● **Exercise goal**: Leaving out pictures, output exactly the lines below from the one that has "Wooden Abacus Ten" through the one that has "History and operation of fraternal insurance", and nothing else.

● **Material provided**:
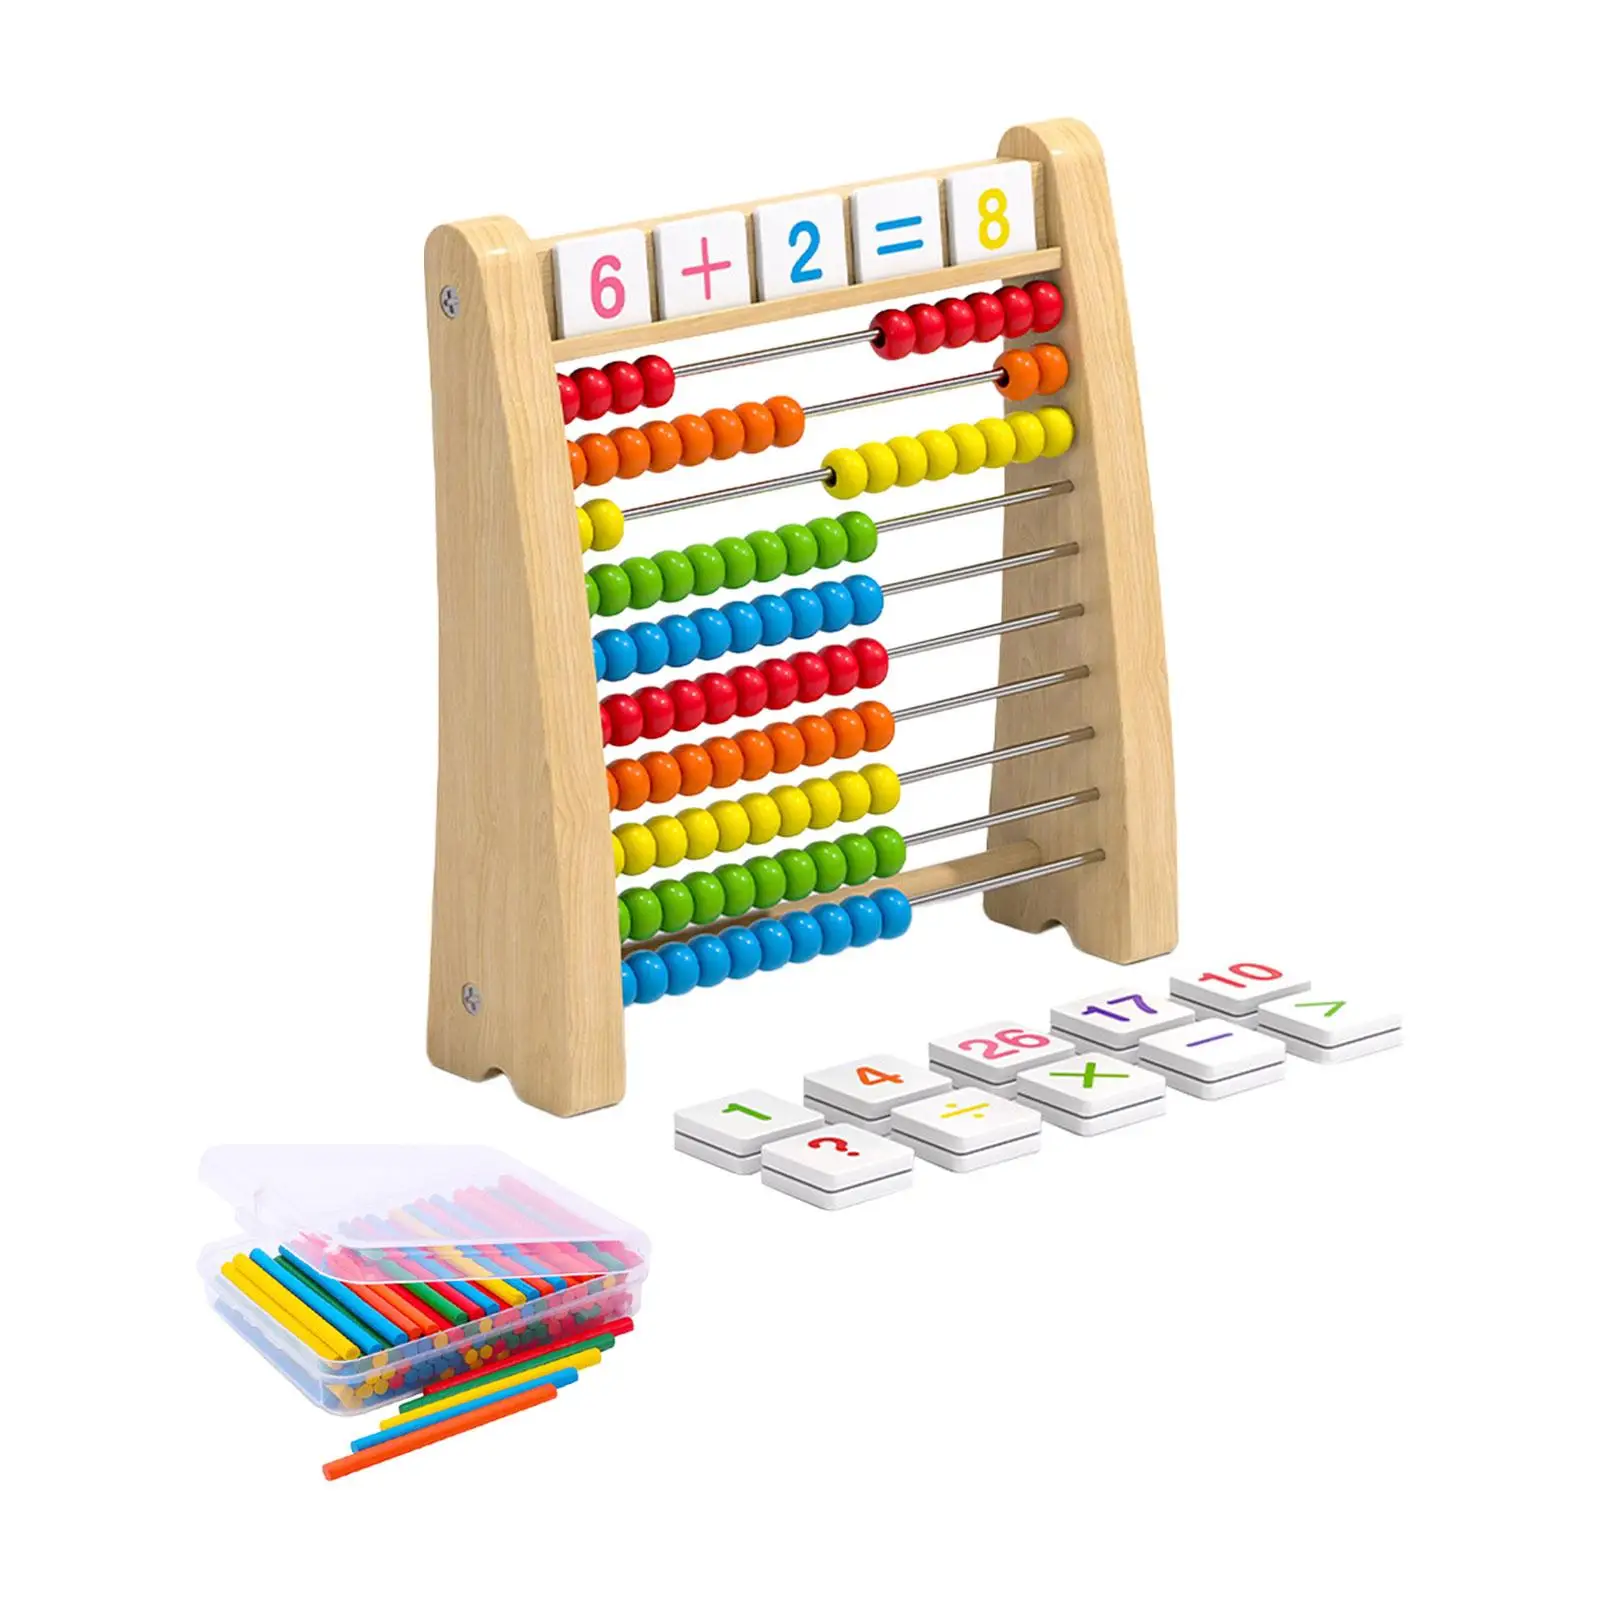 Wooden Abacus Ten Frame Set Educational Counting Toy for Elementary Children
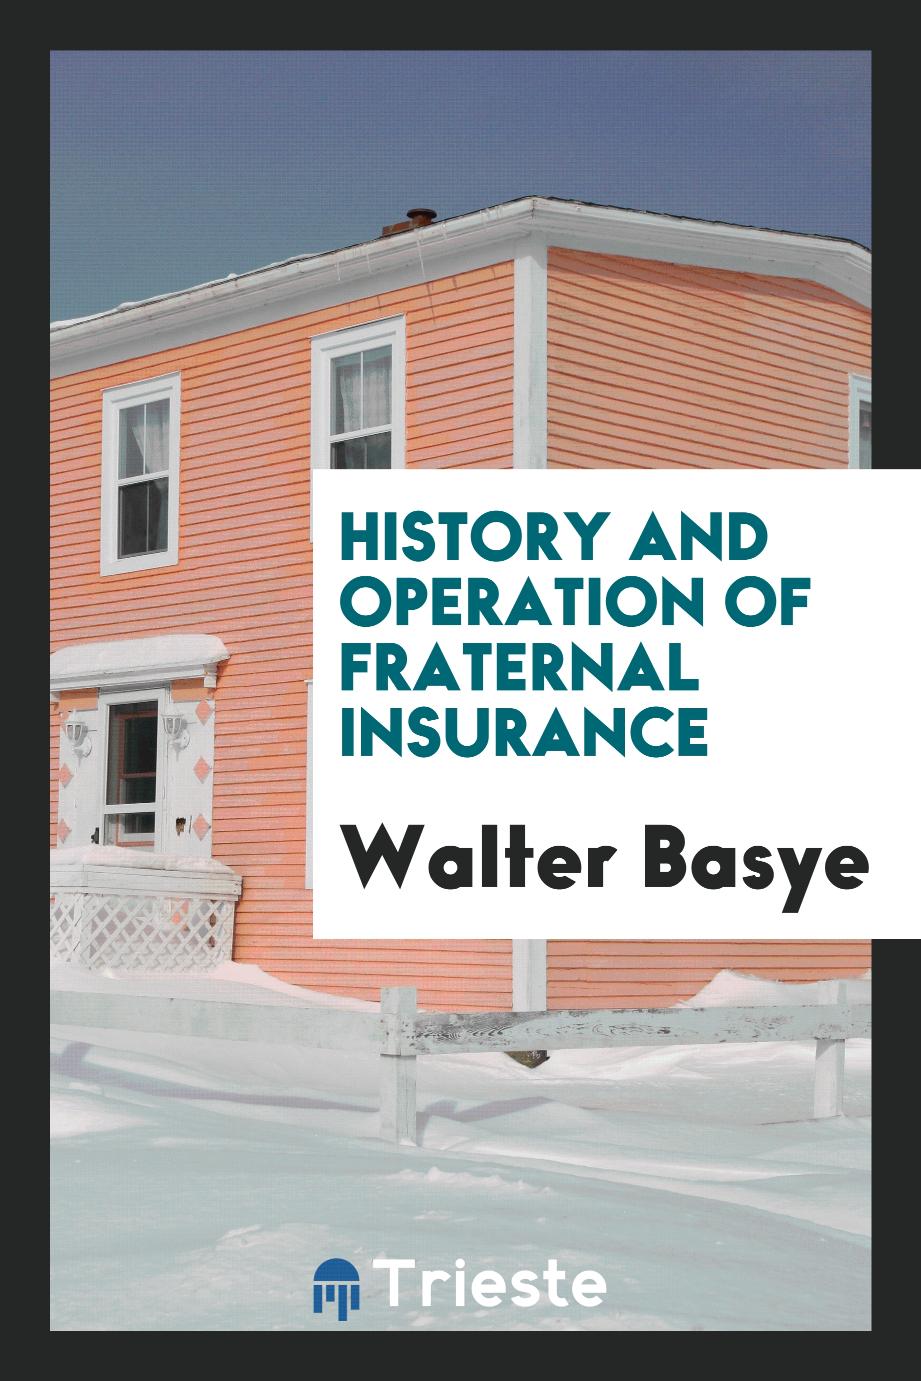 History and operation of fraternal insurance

--

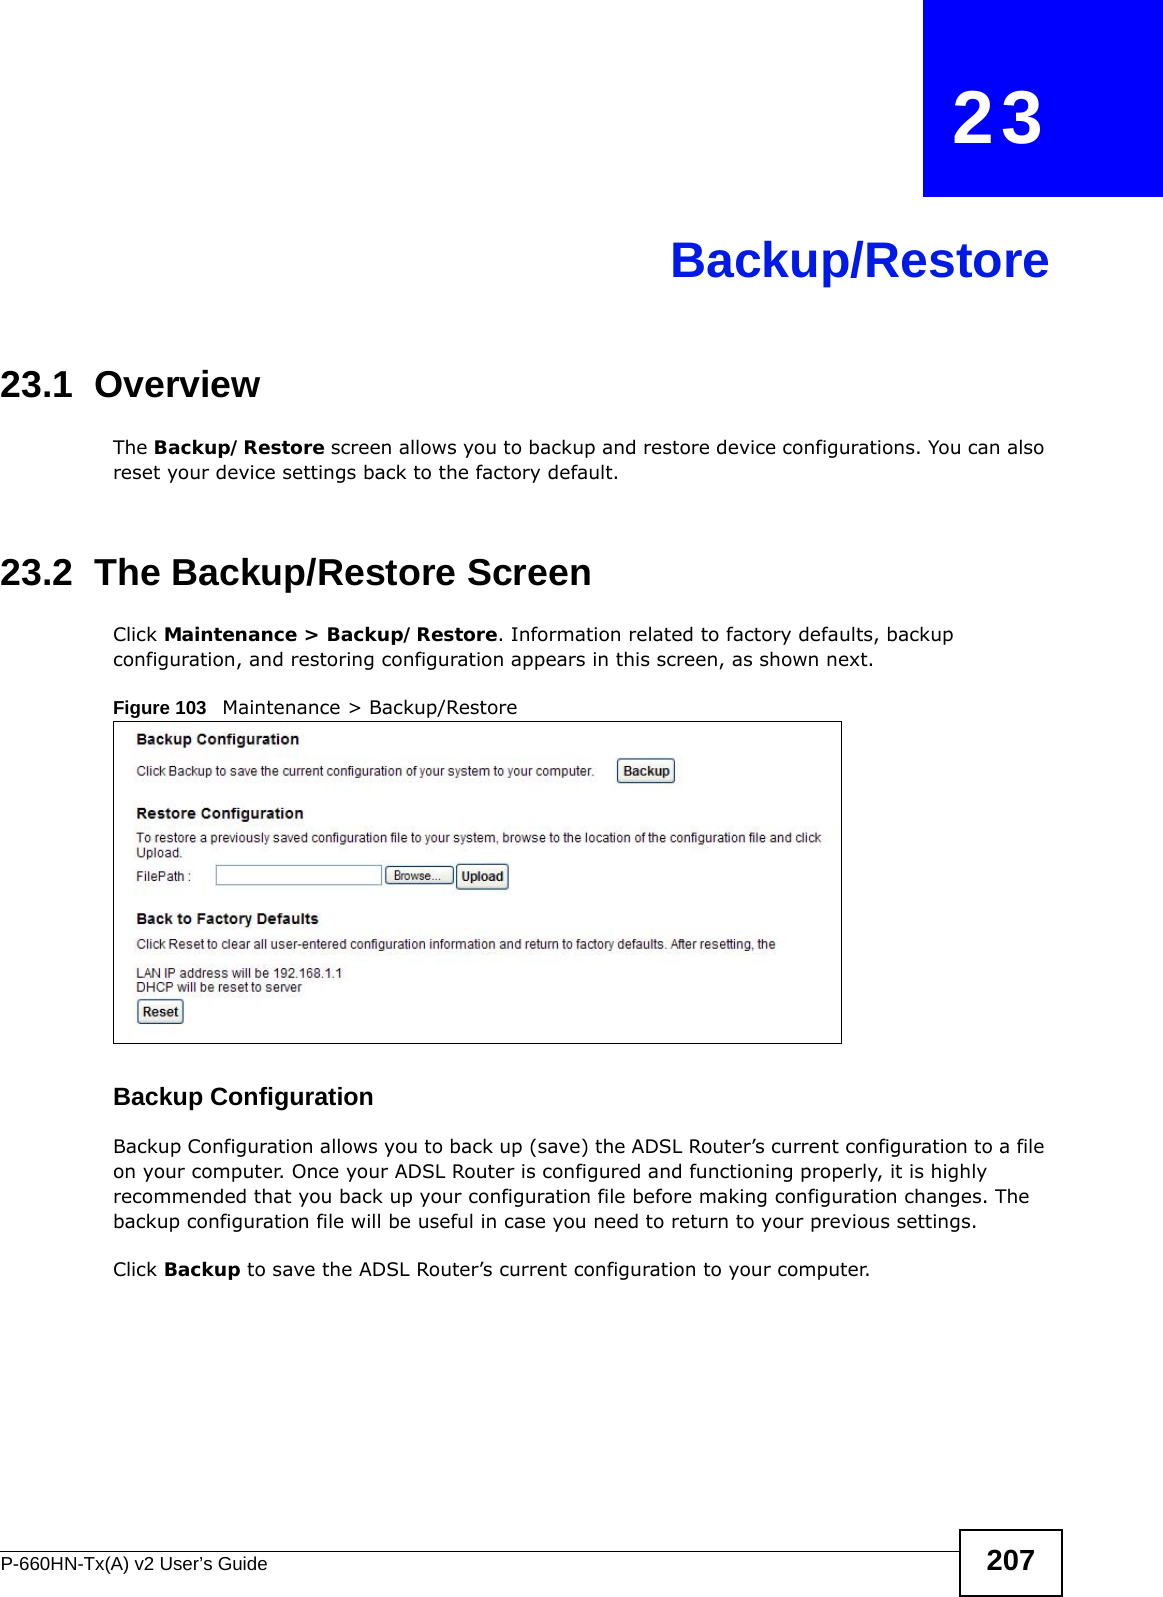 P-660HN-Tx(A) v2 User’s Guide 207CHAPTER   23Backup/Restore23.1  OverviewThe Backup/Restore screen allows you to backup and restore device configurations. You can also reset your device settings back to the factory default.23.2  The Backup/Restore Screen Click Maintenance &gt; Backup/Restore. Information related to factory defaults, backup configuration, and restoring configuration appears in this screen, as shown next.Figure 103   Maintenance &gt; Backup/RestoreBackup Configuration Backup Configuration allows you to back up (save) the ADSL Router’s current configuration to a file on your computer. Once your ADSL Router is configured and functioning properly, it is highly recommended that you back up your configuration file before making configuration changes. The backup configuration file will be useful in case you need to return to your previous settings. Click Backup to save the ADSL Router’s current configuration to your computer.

---

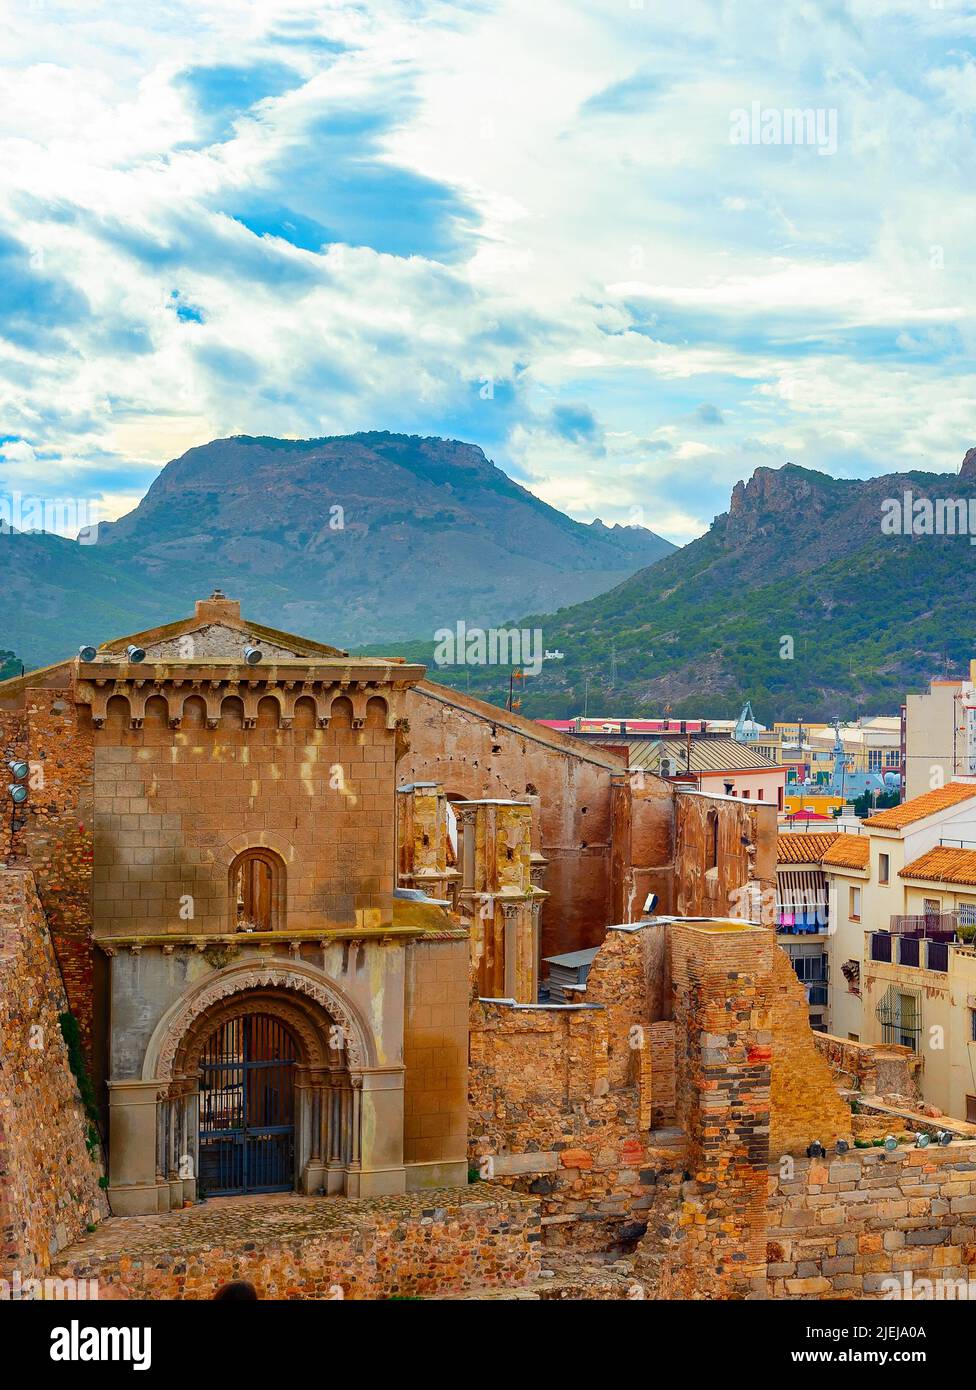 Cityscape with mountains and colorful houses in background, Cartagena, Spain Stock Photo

● **Exercise result**:
 Wooden Abacus Ten Frame Set Educational Counting Toy for Elementary Children
 History and operation of fraternal insurance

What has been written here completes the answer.